Is it all just an Illusion? Is anyone ever really happy? Or do we all just paint on these faces & go about our days... days filled with Quiet desperation, Solitude, Tragic loneliness & confusion... Days, weeks, years spent silently screaming from within to get me out of here... For someone to tell us that it is all going to be alright... for someone to understand us.. that it all becomes to much to bear... the heartache... the thoughts of being a failure... That why would I think that life should be any different for a Hollywood actor? Even for the still young & gifted, like Heath Ledger was. Did he die of quite desperation? The drugs being of course just a symptom... NOT the Ailment... But never the less, the symptom that KILLED him.

So bloody fucking tragic. I guess what disturbs me the most is that maybe I keep thinking.... If a guy like him couldn't find peace & happiness at his level of accomplishment in life at his age... Then how the fuck can a smuck like me, or anyone of us regular people ever expect to find happiness?
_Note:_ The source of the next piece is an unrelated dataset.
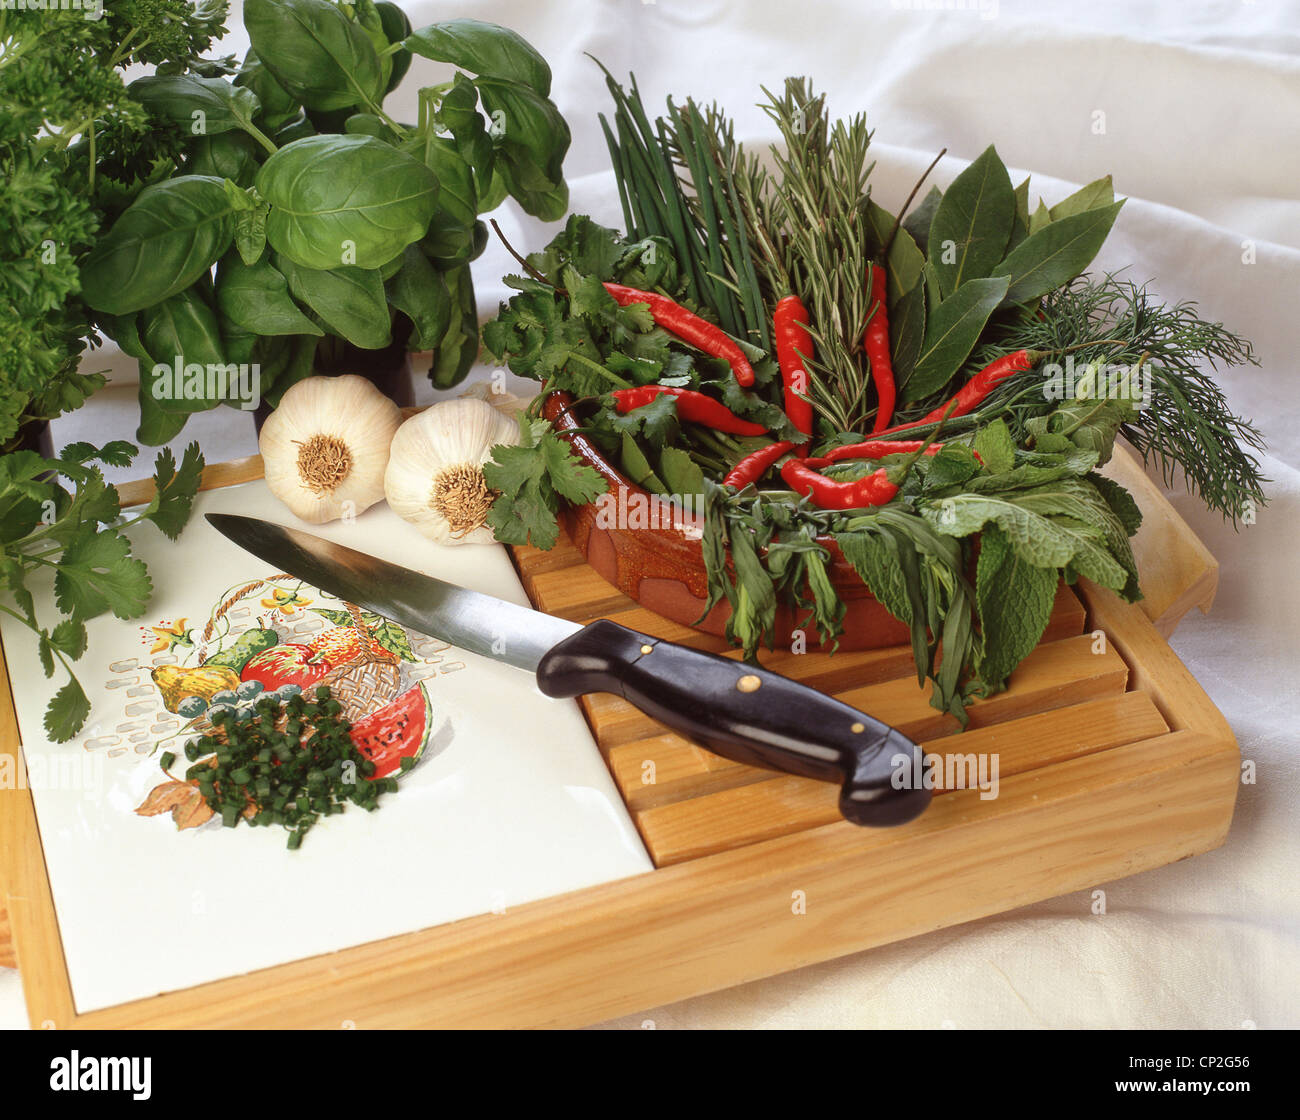 Le couteau à découper avec de l'ail, les piments et les herbes, Berkshire, Angleterre, Royaume-Uni Banque D'Images

I guess what it all ever boils down to, what truly matters, IS .... OURSELVES.... How things effect US.... & then, how we deal with these things that effect us. And for some sad, strange reason, Heath Ledgers Death truly seems to sadden me... To bother me... To scare me... To make me want to just shake my head & cry & wonder.... What the fuck is going on around here? Is anybody ever, truly happy? Am I so nieve to be still clinging on to false childhood hopes of My dreams coming true & finding happiness for the rest of my life? I'd like to think not..... I still believe that I can make MY dreams still come true!

But I am greatly saddened by Heath Ledgers death, because it seems like such a WASTE! So much more life was left in him, so much more to do... Or am I wrong? Obviously I am. That was his life. It ended yesterday... All alone in a room in New York... With a damn fuckin drug overdose! So very stupid... So very sad.

I guess what freaks me out a little as I have been feeling so very disconnected lately with life.... with humans... with myself.... that twice in the last 2 weeks I seemed to have been drawn to this Heath Ledger movie from 2006 called "Candy" that was playing on cable. It was a love story about 2 young junkies where of course everything goes wrong & our hero ends up all alone in the end. I thought it was a good role... A decent movie.... a quirky lil independent film.... a sad story... I thought it was dark & edgy & kinda dangerous for a nice, clean cut actor like Heath Ledger to take on the role of a junky loser.... Maybe, just maybe... The poor fucker wasn't really acting as much as I thought?

Remember people... Life is short.... Its up to YOU.... to live your dreams... NO ONE else can do it for you. Just make sure you think real long & hard as to what YOUR dreams truly are?

Rest in Peace Heath Ledger,
Keep on living all you good people out there.